• [Exercise objective]
In the records below, repeat exactly the lines between the line holding "The Last Good" and the line holding "Nike Power Malles", inclusive, and drop the pictures.

• [Data for analysis]
★ ★ ★

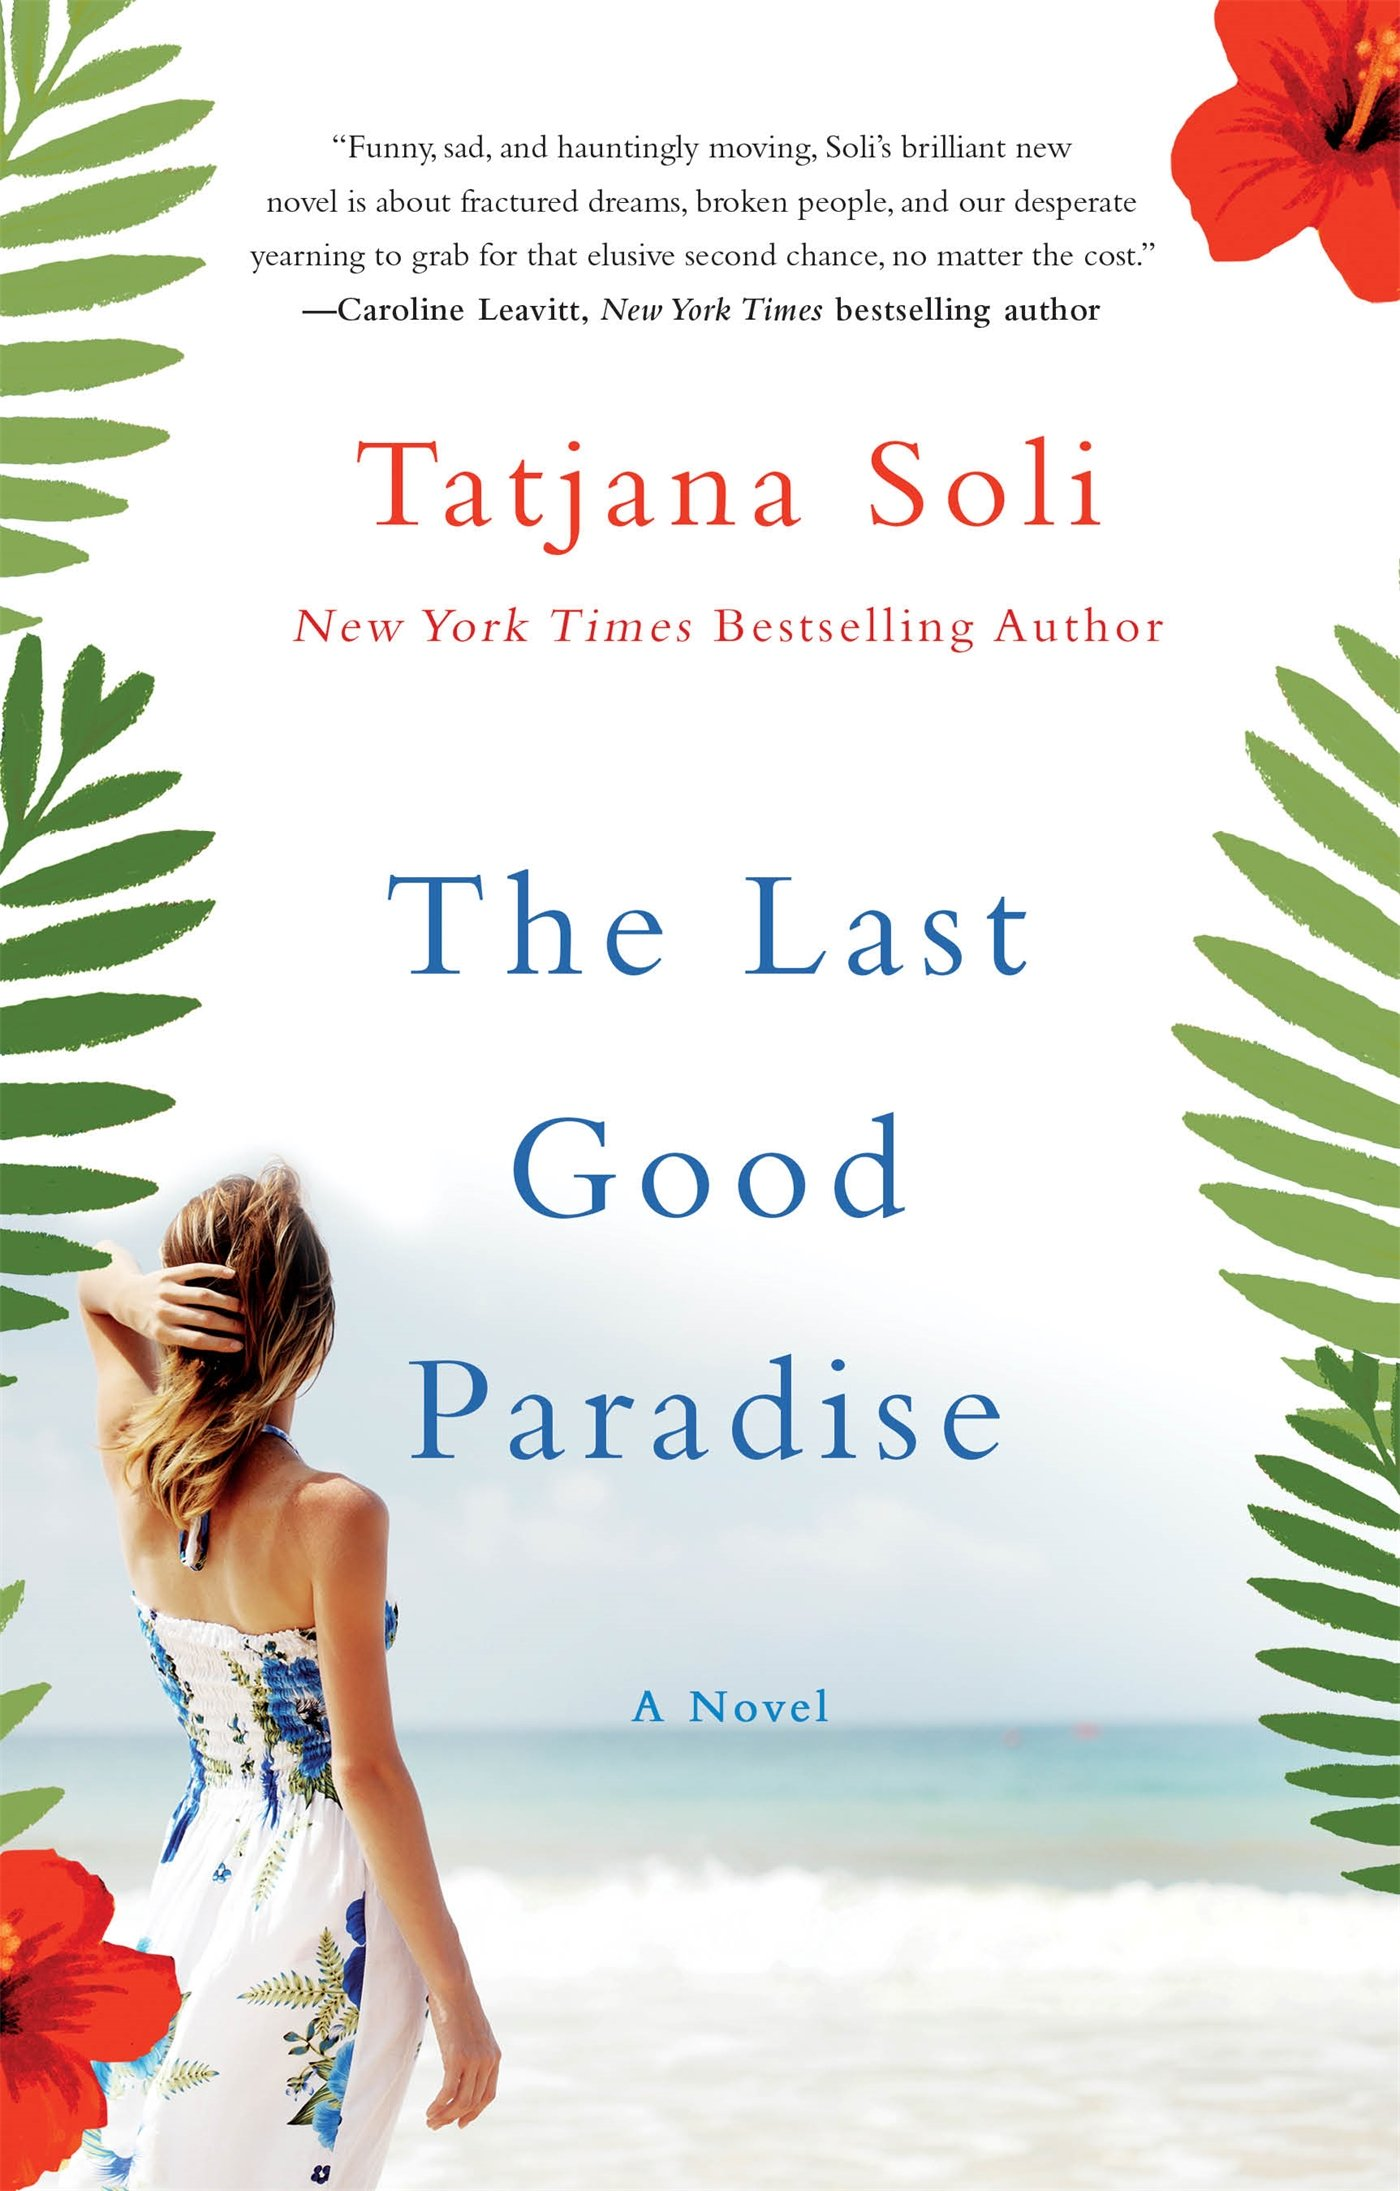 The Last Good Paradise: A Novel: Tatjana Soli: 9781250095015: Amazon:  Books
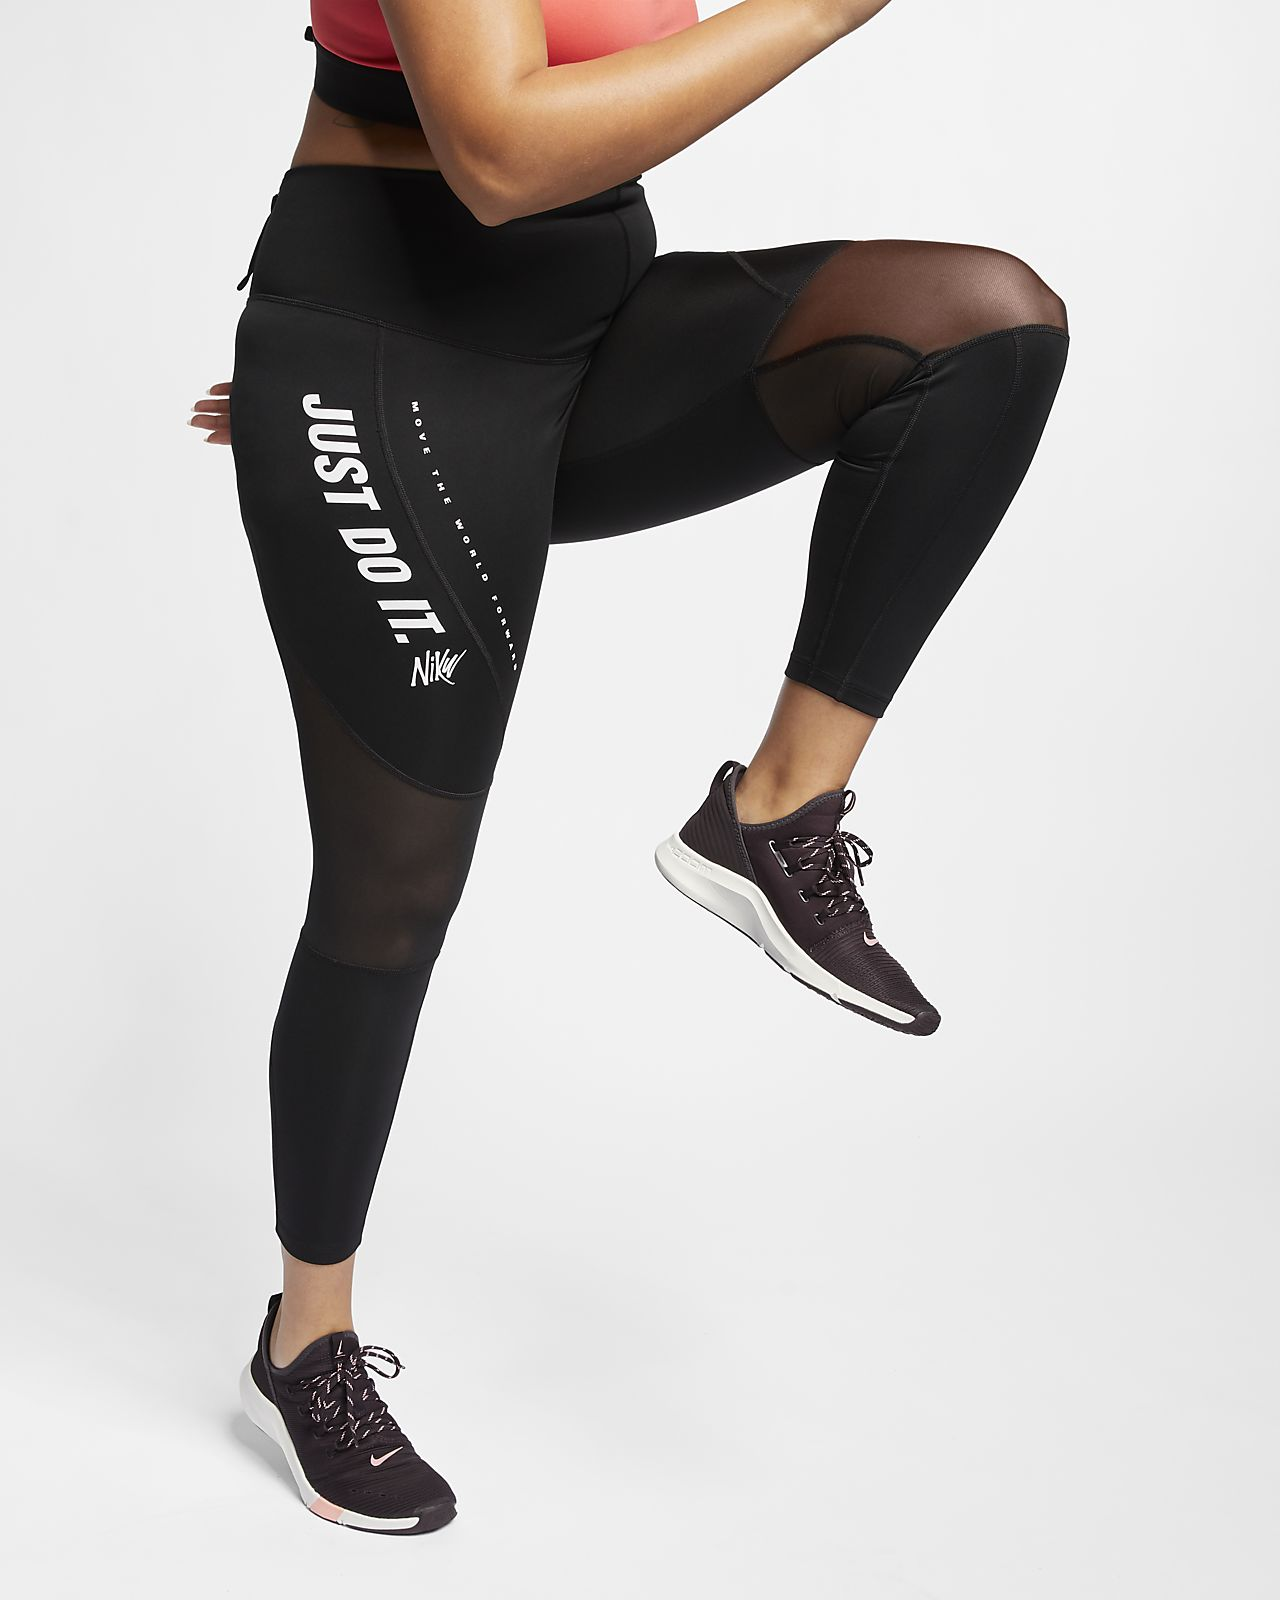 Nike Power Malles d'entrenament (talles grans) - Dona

★ ★ ★

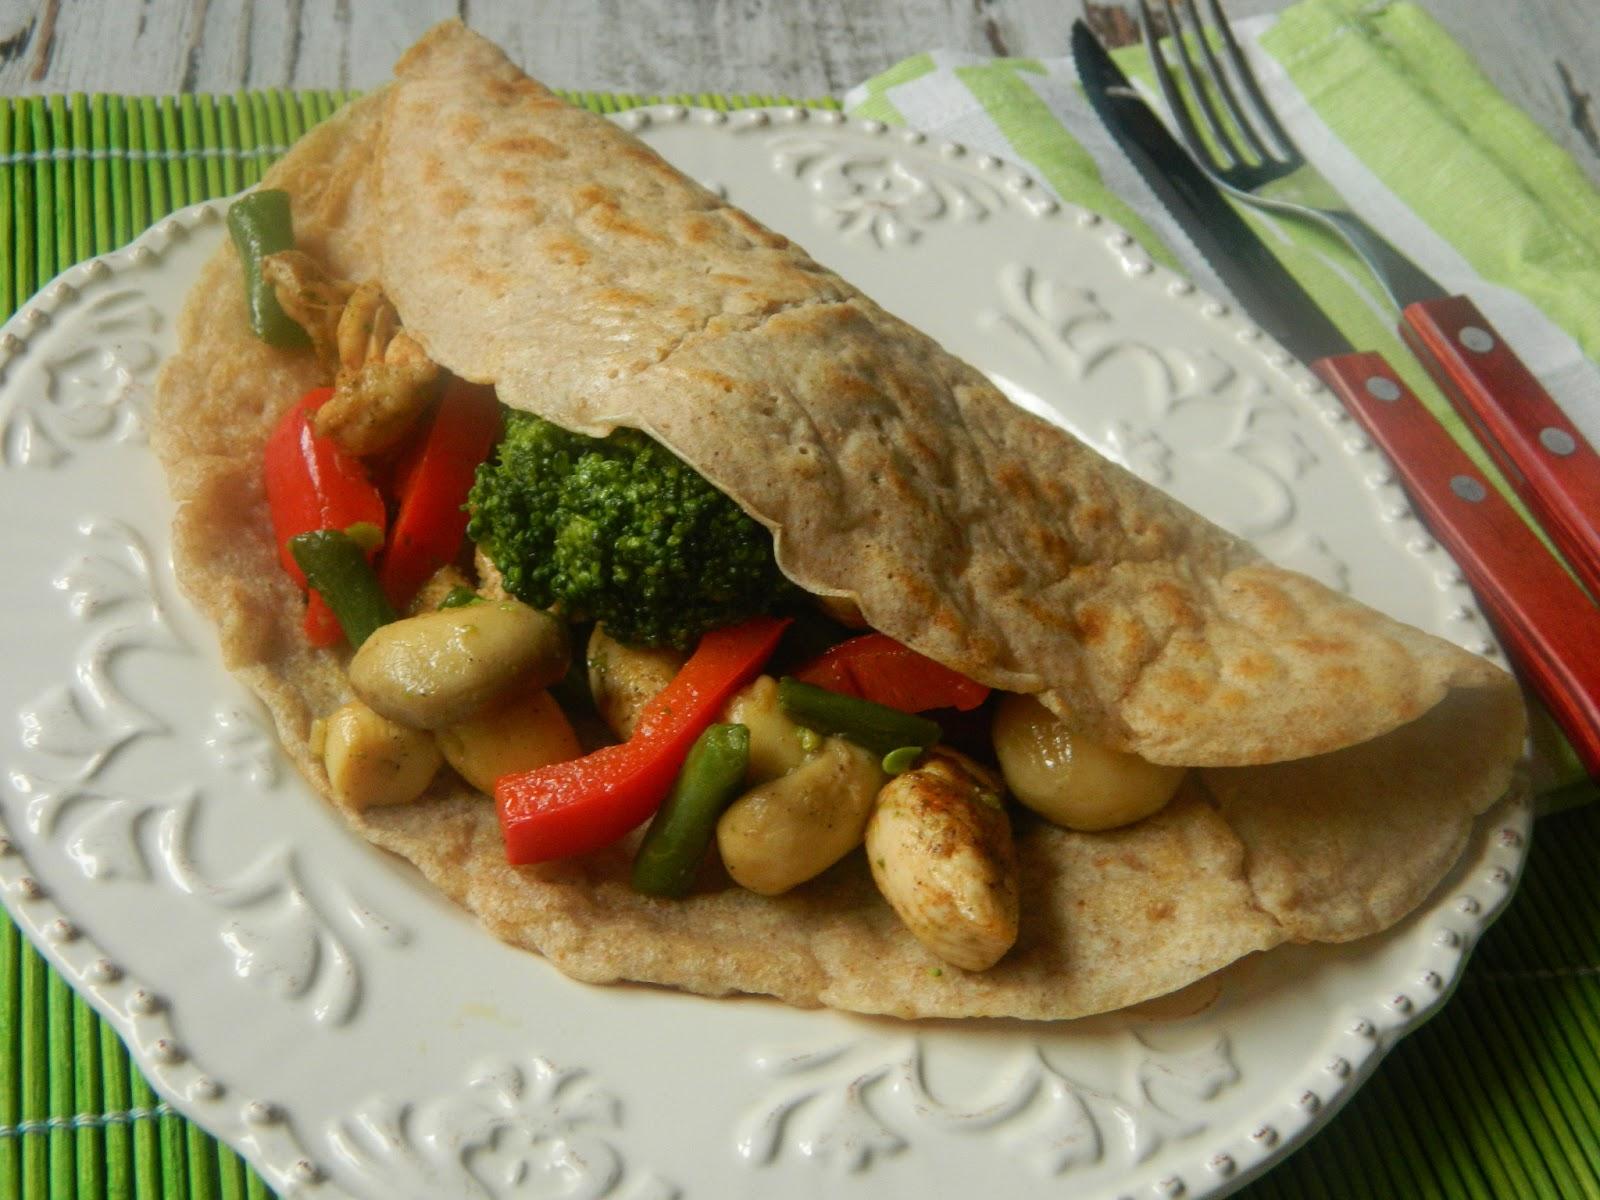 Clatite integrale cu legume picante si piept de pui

★ ★ ★

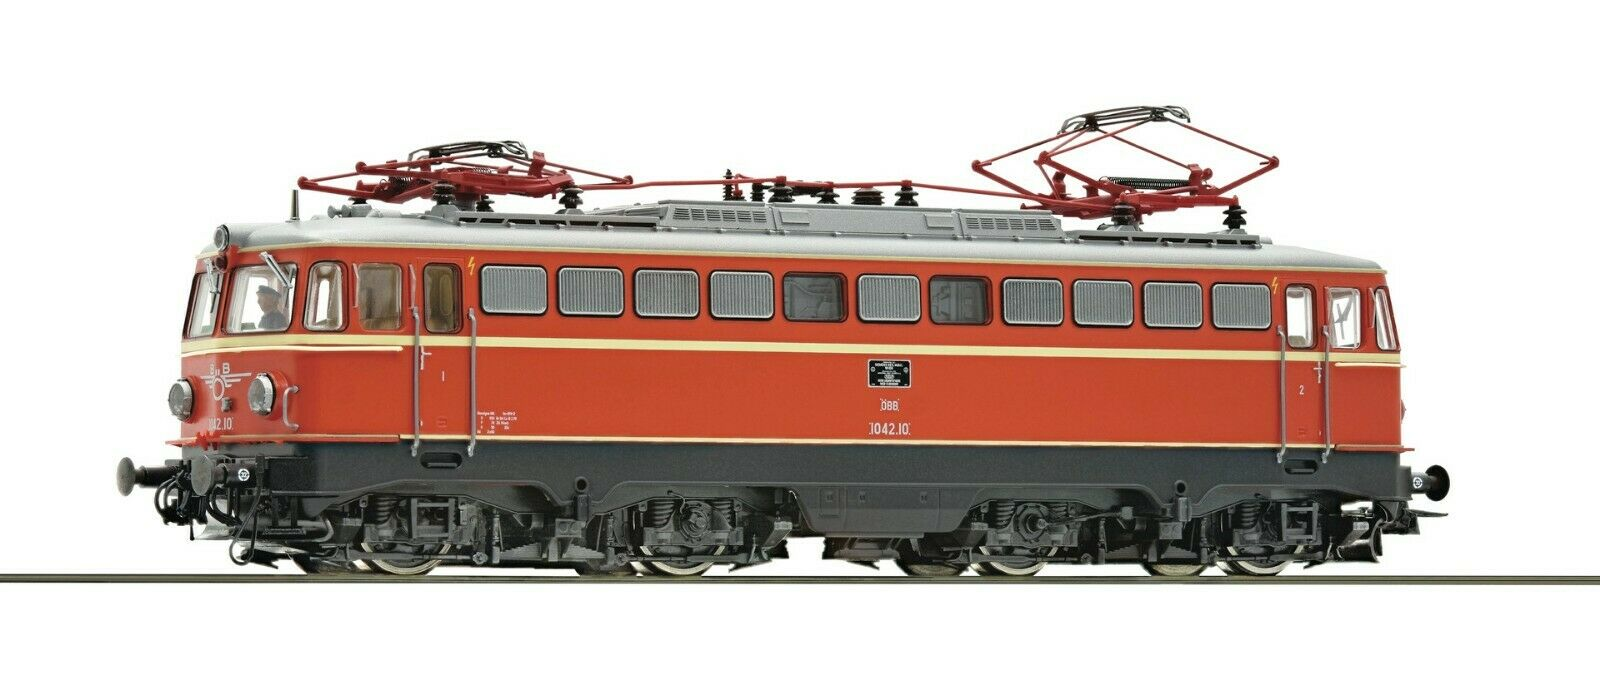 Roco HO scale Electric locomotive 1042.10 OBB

★ ★ ★

• [Answer for the task]
 The Last Good Paradise: A Novel: Tatjana Soli: 9781250095015: Amazon:  Books
 Nike Power Malles d'entrenament (talles grans) - Dona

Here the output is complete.